To build up on the previous question: given that one of the major concepts discussed in many of your publications is that of “Ecology of Communication,” I wonder how your own approach to the study of ecology might be similar or different from that of media ecologists…
I think that there is a parallel, but clear differences. I made some modest developments in studying “media ecology,” but I prefer to identify as a student of the communication order rather than ‘media ecology’ per se. My approach is focused on mediation (or as some European scholars prefer, ‘mediatization’) as a feature of social interaction and power, culture, and organizations: Ecology of communication refers to the structure, organization and accessibility of information technology, various forums, media and channels of information. It provides a conceptualization and perspective that joins information technology and communication (media) formats with the time and place of activities. My focus has been on how information technology and communications formats informs the nature and process of social action and social activities.
You also specialize is qualitative research, most notably Ethnographic Content Analysis.

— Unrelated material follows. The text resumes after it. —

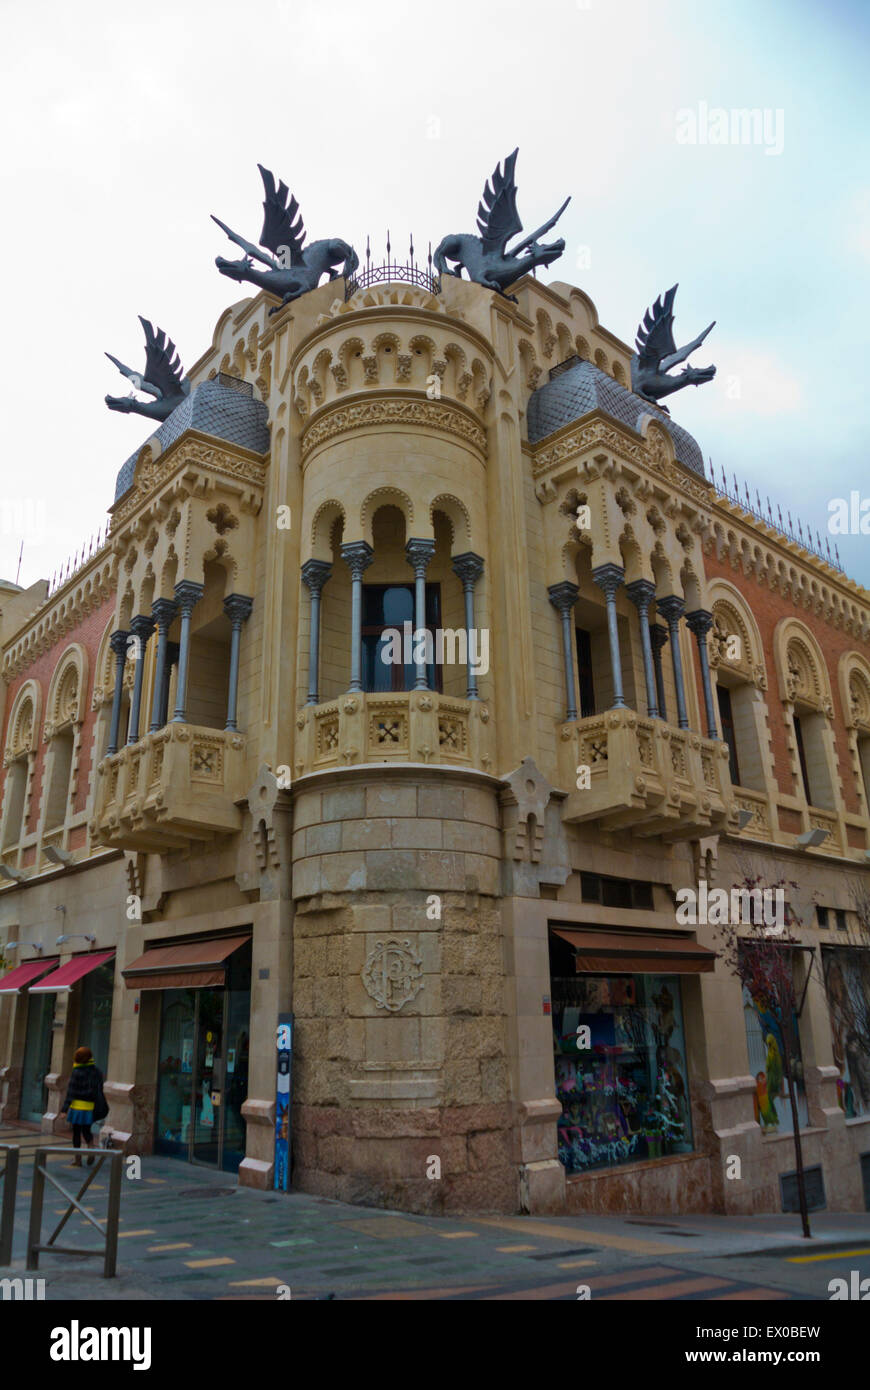 Casa de los Dragones, House of Dragons, Plaza de los Reyes, main square, Ceuta, Spanish enclave inside Morocco, northern Africa Stock Photo

Interestingly enough, in his 1978 PhD dissertation, “McLuhan on Media,” J. F. Striegel – a former student of Marshall McLuhan and research assistant at the Center for Culture and Technology – first linked McLuhan’s general media theory with ethnomethodology:“Ethnomethodologists reassert the investigatory primacy of perception over conception and effect over causation in the examination of dynamic processes…these emphases on subjective perception and interpretation over objectification, effect over cause, and process over product are important elements of McLuhan’s general theory…the objective of this discussion is simply to indicate that mutually shared ground…” (Striegel, 1978, p. 20). How does ethnographic content analysis relate to ethnomethodology generally and what do you make of Striegel’s connection?
I won’t comment on Professor Striegel’s statement because I have not read the dissertation, but I do think it is a stretch to try to read ethnomethodology into McLuhan’s broad conceptualization. Somehow, as academics, we have to free ourselves of sacred texts in order to capture emergent technologies, perspectives and meanings. ECA relates to ethnomethodology very indirectly; more directly through phenomenological bracketing and existential confusion and coming to grips with new situations. The key thing is to examine what documents may reveal about artful constructions of motive, meaning and identity in order to find patterns of presentation. After all, documents are accounts of reality, and we want to understand the properties of sense-making and journalistic coherence. Of course, people use the approach in different ways; this can be seen by consulting the numerous dissertations, articles, and books that have employed it.
What are you currently working on?
I can mention a few things. First, I am working on the logic and representation of risk communication and how this pertains to an underlying discourse and politics of fear and social control. Second, this is part of an ongoing project on mediated social reality. Third, with a former student, Chris Schneider, I am revising Qualitative Media Analysis.